En l'état de ses dernières conclusions transmises par son conseil sur le RPVA le 21 juillet 2022, la SAS Espace auto demande à la cour de :
- Réformer le jugement du conseil de prud'hommes de Quimper du 09 octobre 2019 en ce qu'il a condamné la Société Espace auto à verser à Monsieur [O] les sommes de :
- 9 881,30 euros bruts au titre de l'indemnité compensatrice de préavis
- 988,13 euros bruts au titre des congés payés y afférents
- 10 601,79 euros nets au titre de l'indemnité de licenciement
- 30 000,00 euros nets au titre des dommages et intérêts pour licenciement sans cause réelle et sérieuse
- 5 000,00 euros nets au titre de dommages et intérêts pour exécution déloyale de la relation de travail et mesure vexatoire
- 1 200,00 euros au titre de l'article 700 du code de procédure civile
- Ramener le montant de l'indemnité de licenciement, de l'indemnité de préavis, de l'indemnité de congés payés y afférents et des dommages et intérêts pour licenciement sans cause réelle et sérieuse à de plus justes proportions
- Rejeter la demande de Monsieur [O] de voir condamner la Société Espace auto à lui verser la somme de 5 000,00 euros au titre des dommages et intérêts pour exécution déloyale de la relation de travail et mesure vexatoire
- Rejeter la demande de Monsieur [O] de voir condamner la Société Espace auto à lui verser la somme de 2 000,00 euros au titre des frais irrépétibles de première instance, en exécution de l'article 700 du code de procédure civile
- Rejeter la demande de Monsieur [O], formulée au titre d'un appel incident, tendant à voir condamner la Société Espace auto à lui verser les sommes de :
- 374,90 euros bruts à titre de rappel de salaire au titre des commissions sur vente annulées
- 37,50 euros bruts au titre des congés payés y afférents
- 2 000,00 euros nets de CSG-CRDS à titre de dommages et intérêts pour sanctions disciplinaires illicites
- 882,02 euros bruts au titre d'un rappel de salaire pour heures supplémentaires
- 88,20 euros bruts au titre des congés payés y afférents
- 10 807,67 euros nets à titre d'indemnité légale de licenciement
- Rejeter la demande de Monsieur [O] sollicitant la confirmation du jugement litigieux dans toutes ses autres dispositions
- Rejeter la demande de Monsieur [O] tendant à voir débouter la Société Espace auto de l'ensemble de ses demandes, fins et conclusions
- Rejeter la demande de Monsieur [O] sollicitant la condamnation de la Société Espace auto à lui verser la somme de 3 000,00 euros au titre de l'article 700 du code de procédure civil ainsi qu'aux entiers dépens
- Condamner Monsieur [P] [O] à payer à la Société Espace auto la somme de 3 000,00 euros en application de l'article 700 du code de procédure civile
- Condamner Monsieur [P] [O] aux entiers dépens.

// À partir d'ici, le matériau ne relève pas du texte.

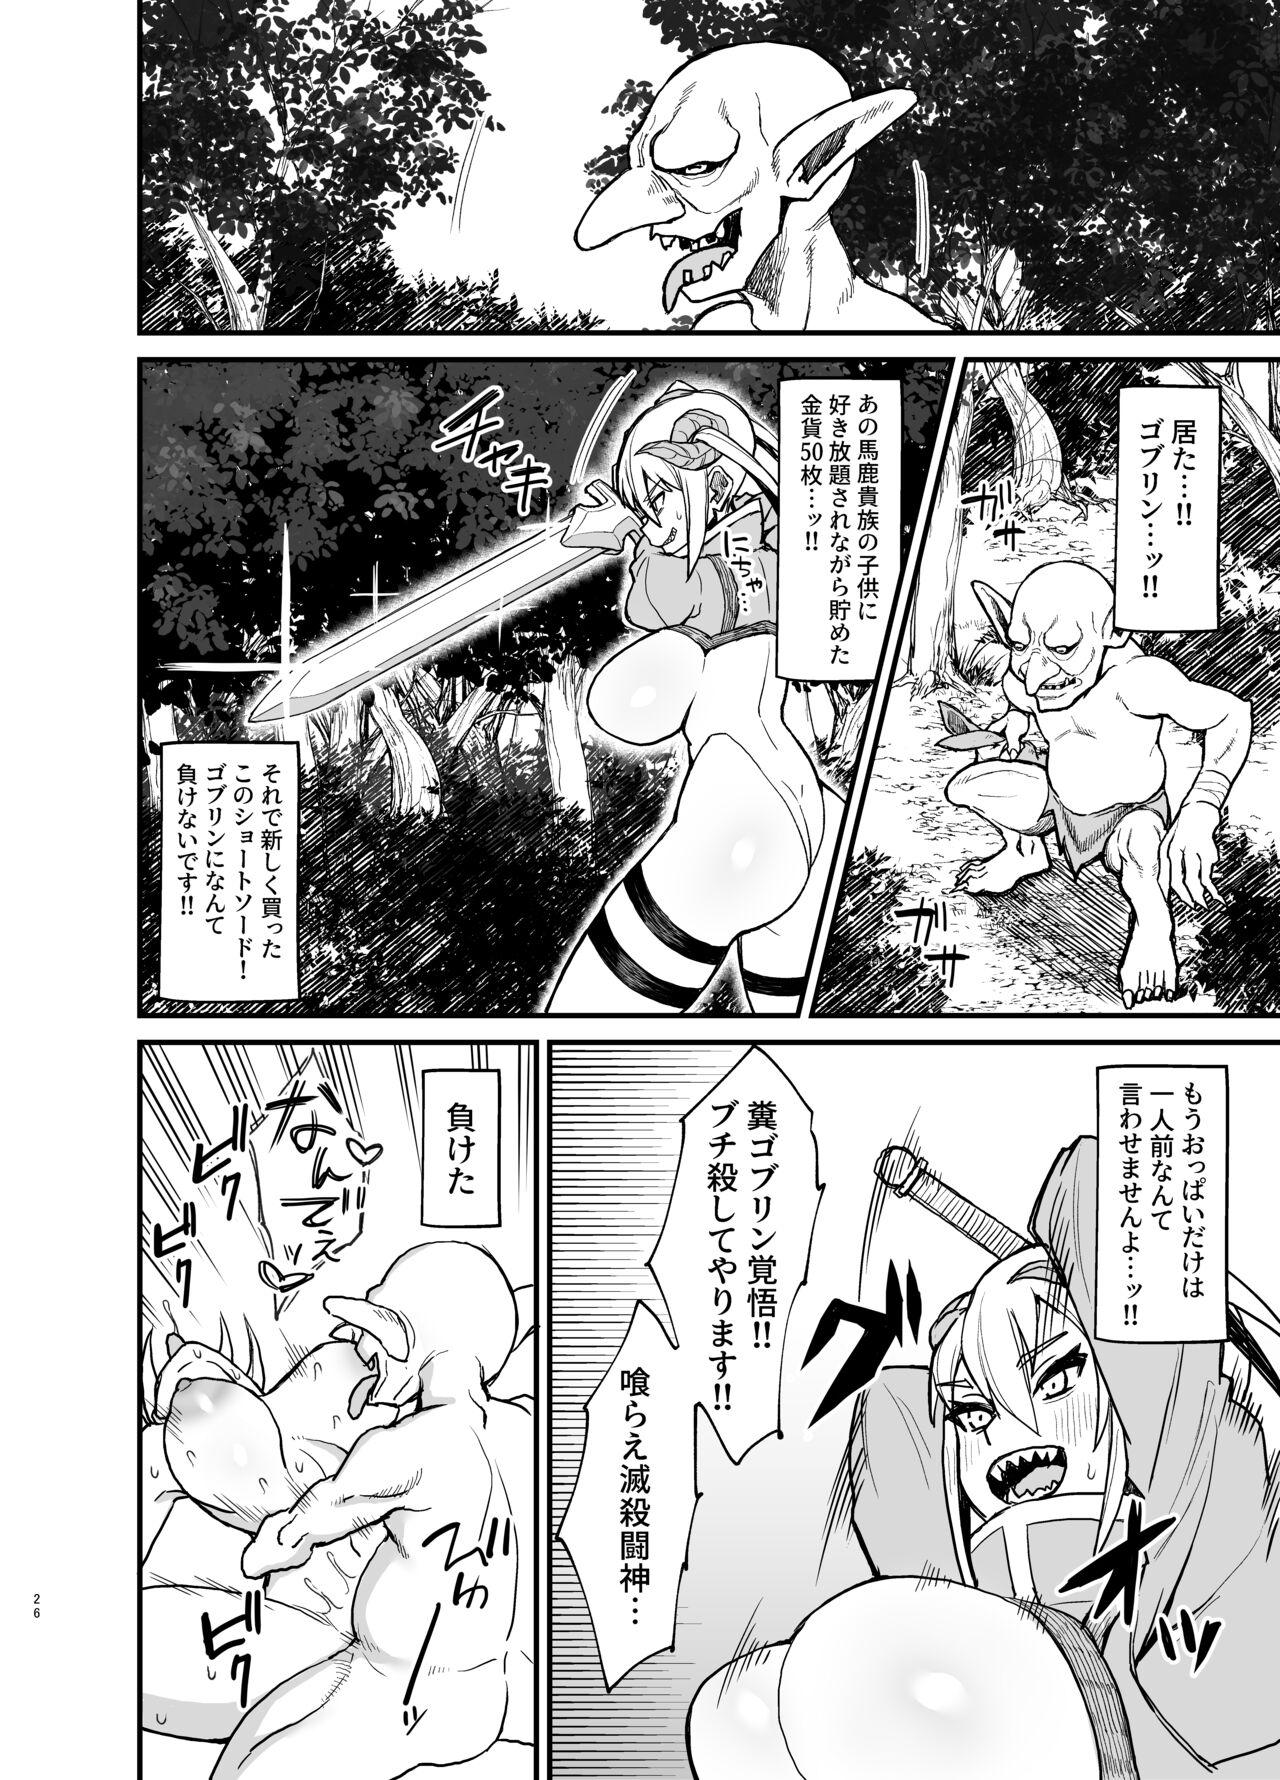 Cachonda Mazoku no Boukensha-san 4 - Original Safado - Page 5

En l'état de ses dernières conclusions transmises par son conseil sur le RPVA le23 septembre 2022, M. [O] demande à la cour d'appel de :
- Infirmer le jugement en ce qu'il a :
- Dit et jugé que la sanction du 24 mars 2016 est prescrite et que celle du 28 juin 2016 est fondée. (')
- L'a débouté du surplus de ses demandes.
- Limité le montant de l'indemnité de licenciement à la somme de 10 601,79 euros nets.
Statuant à nouveau,
- Annuler les sanctions disciplinaires du 24 mars 2016 et du 28 juin 2016,
- Condamner la SAS Espace auto à lui payer :
- 374,90 euros Bruts à titre de rappel de salaire au titre des commissions sur vente annulées ;
- 37,50 euros Bruts au titre des congés payés afférents ;
- 2 000 euros Nets de CSG-CRDS à titre de dommages-intérêts pour sanctions disciplinaires illicites;
- 882,02 euros Bruts de rappel de salaire au titre des heures supplémentaires non rémunérées ;
- 88,20 euros Bruts au titre des congés payés afférents,
- 10 807,67 euros Nets à titre d'indemnité légale de licenciement.
- Confirmer le jugement rendu par le conseil de prud'hommes de Quimper le 9 octobre 2019 en toutes ses autres dispositions.
Y additant,
- Débouter la SAS Espace auto de l'ensemble de ses demandes, fins et conclusions.
- Condamner la SAS Espace auto à lui payer la somme de 3 000 euros en appel sur le fondement de l'article 700 du code de procédure civile,
- Condamner la SAS Espace auto aux entiers dépens en ce compris les éventuels frais d'exécution forcée de l'arrêt à intervenir.
***
La clôture de l'instruction a été prononcée par ordonnance du conseiller de la mise en état le 27 septembre 2022 avec fixation de la présente affaire à l'audience du 08 novembre 2022.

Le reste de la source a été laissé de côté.